*** DATA PROVIDED Section Begins ***
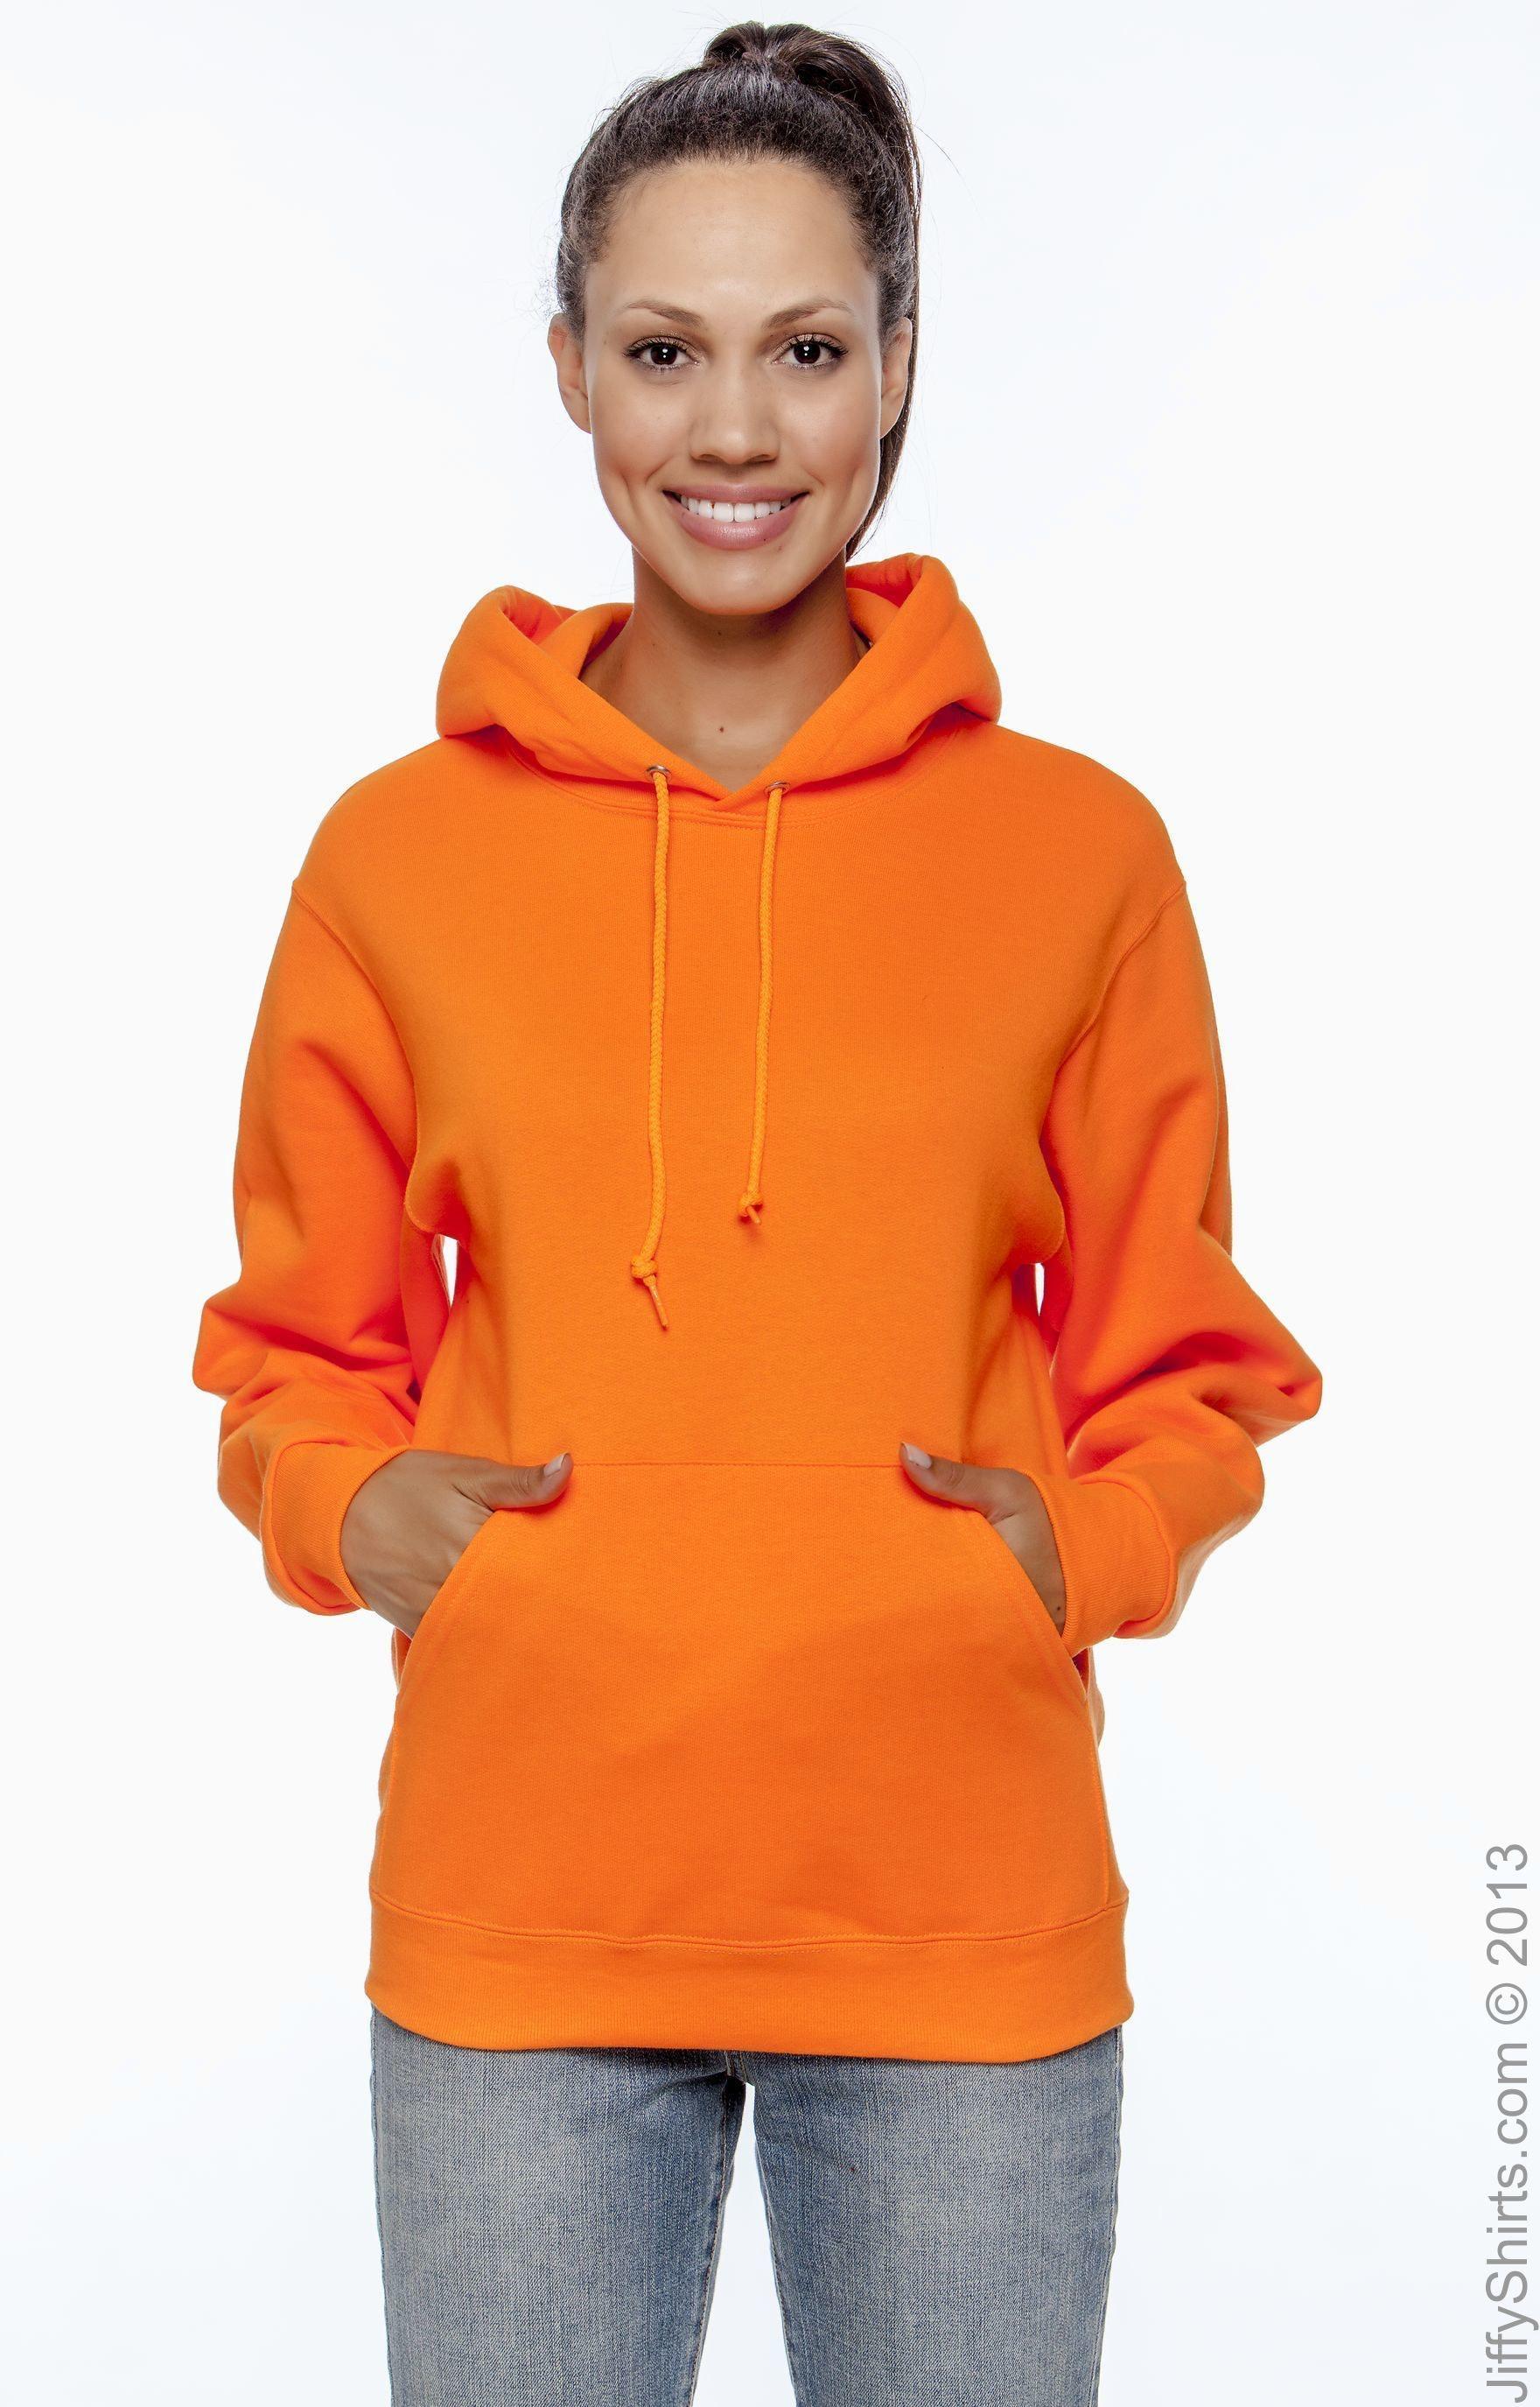 Jerzees 996 High Viz Safety Orange
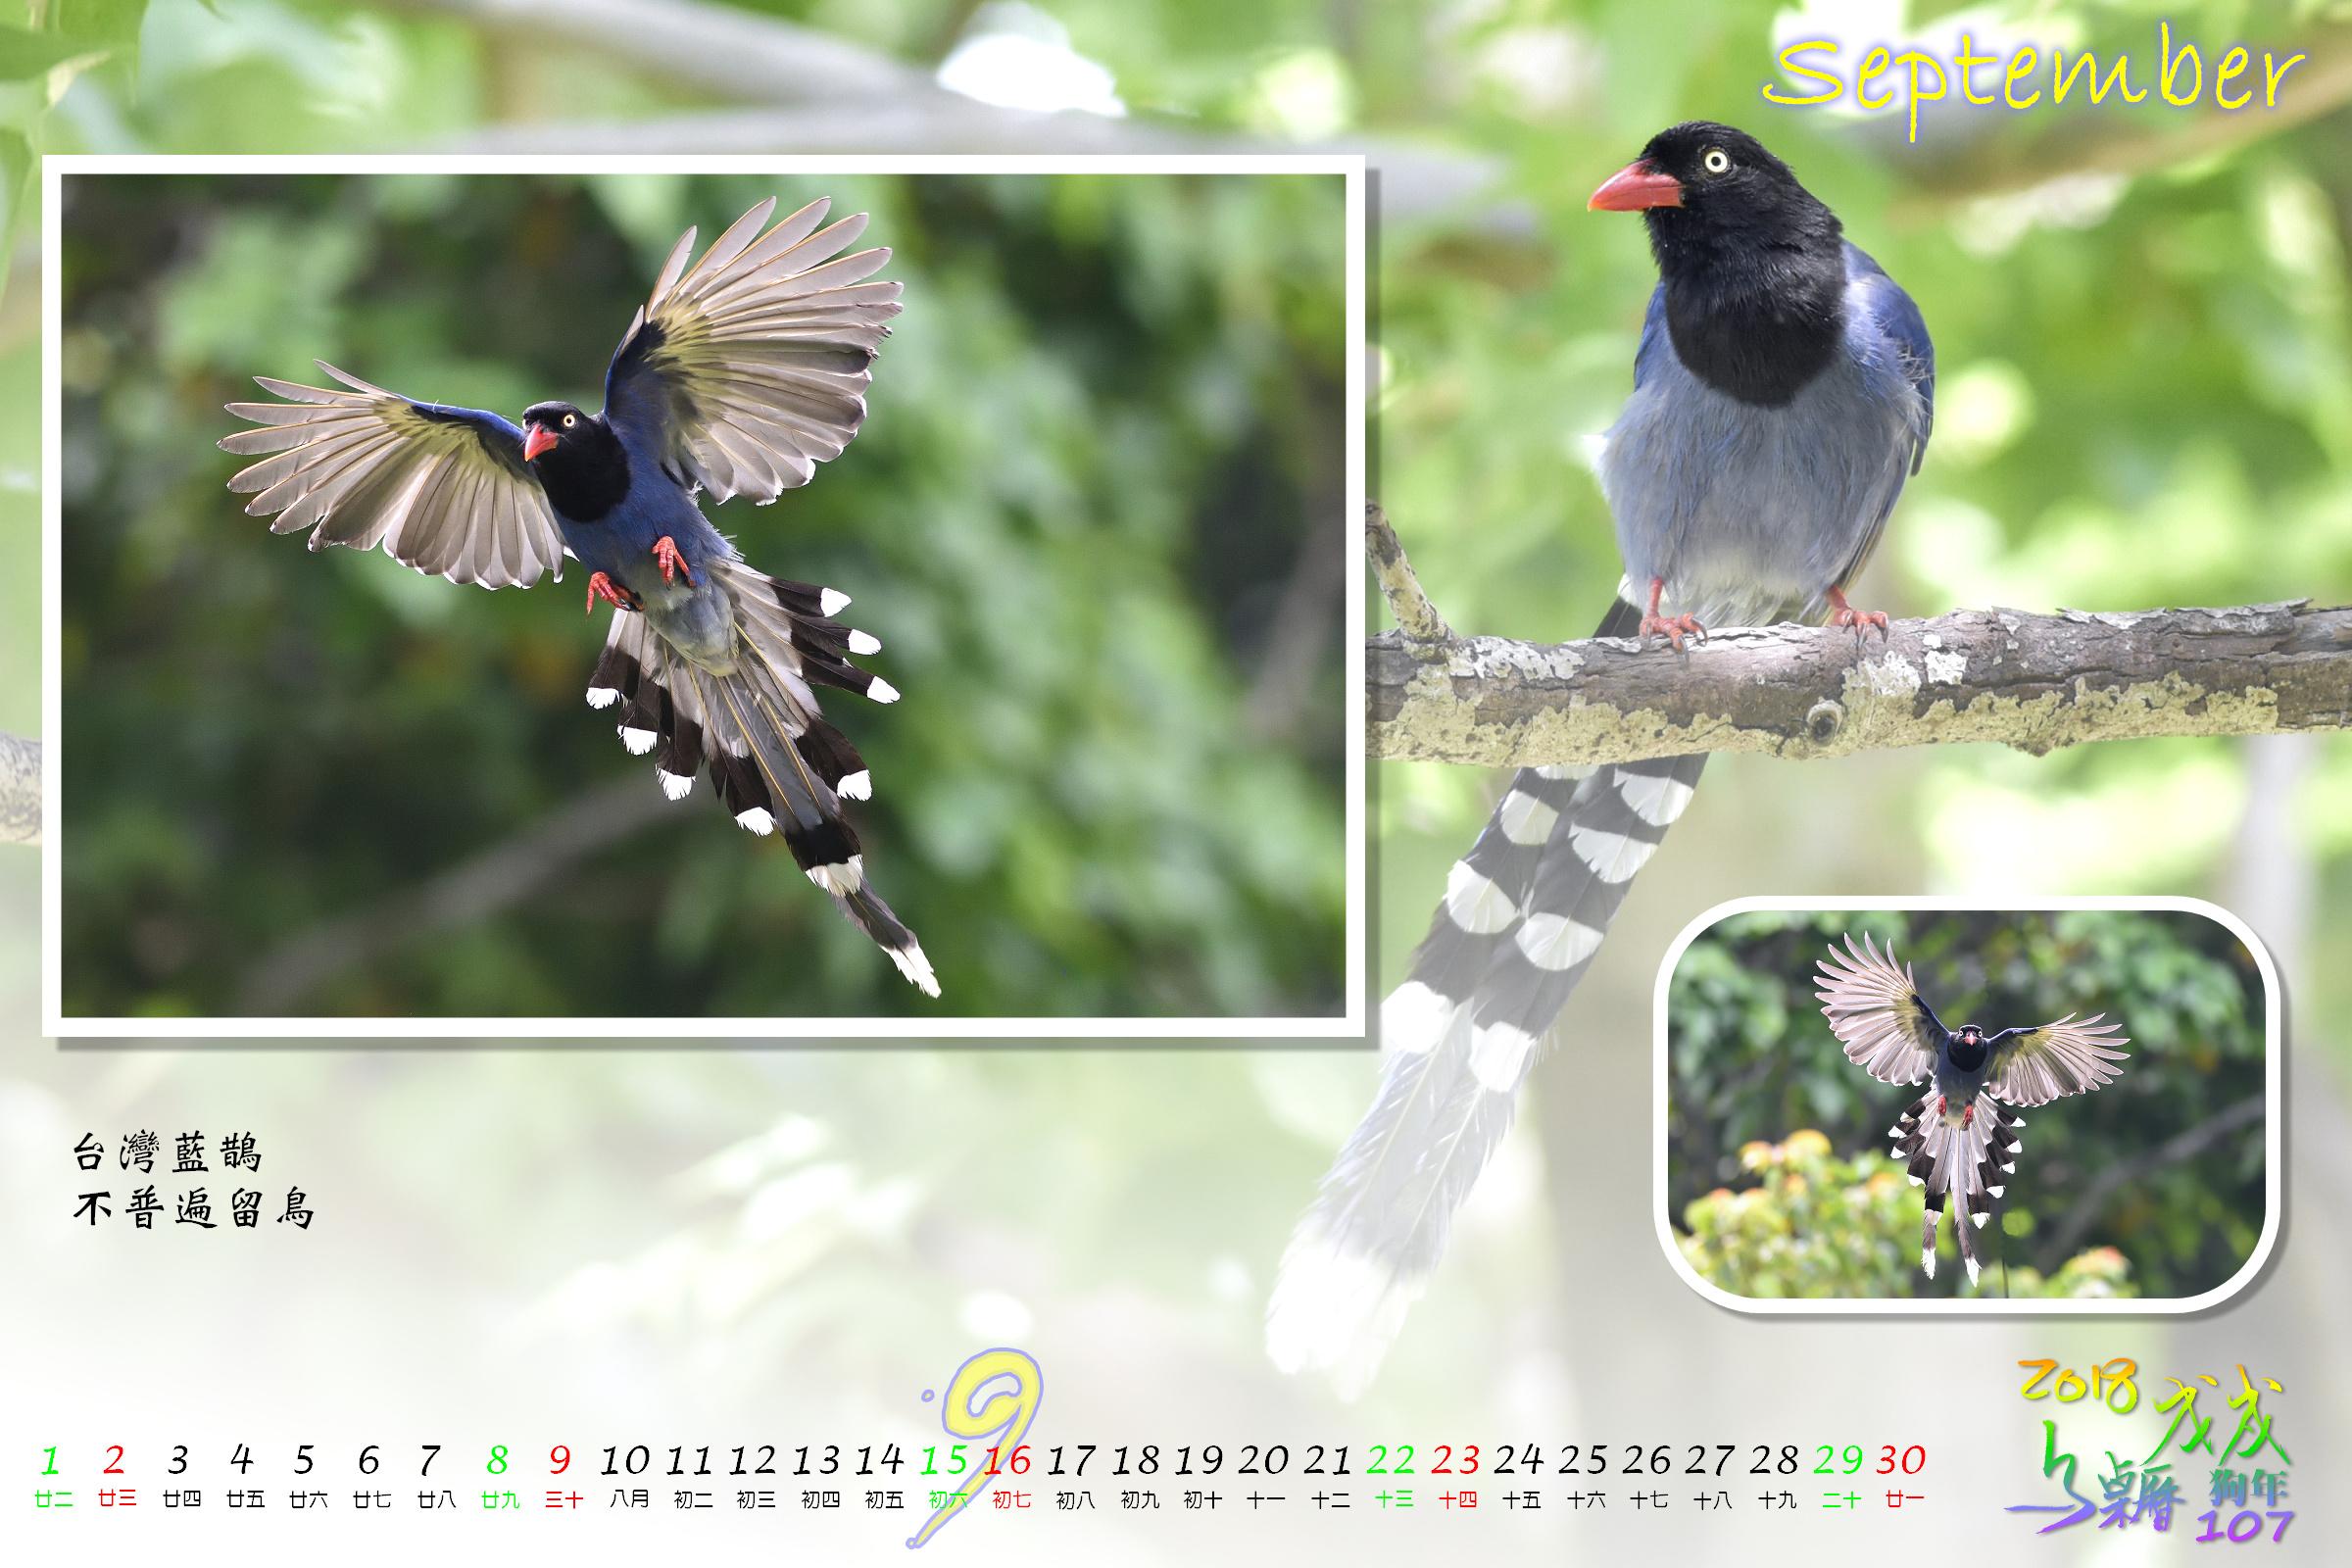 Calendar2018_Alder2_09
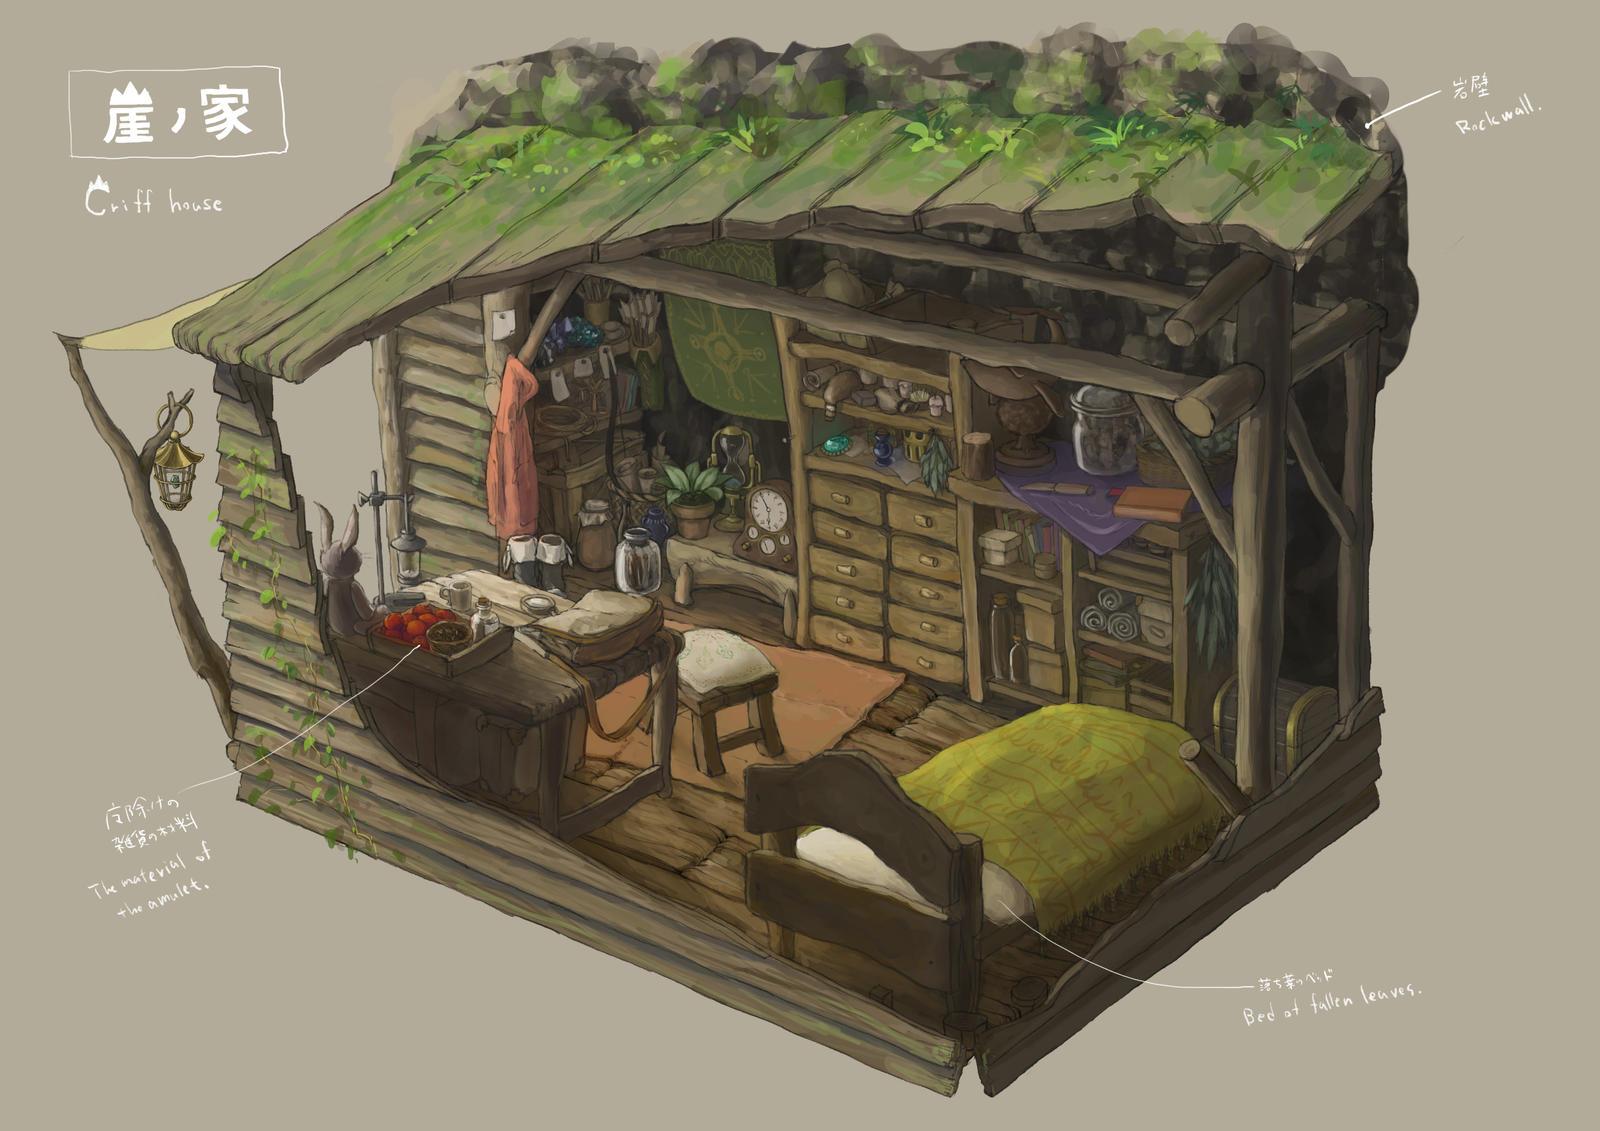 [SVIGNORE] Criff house in Amie Village by Nonohara-Susu
*** DATA PROVIDED Section Ends ***
WORK ITEM:
Exclude every image and return the material above exactly.

EXPECTED ANSWER:
 Jerzees 996 High Viz Safety Orange
 Calendar2018_Alder2_09
 [SVIGNORE] Criff house in Amie Village by Nonohara-Susu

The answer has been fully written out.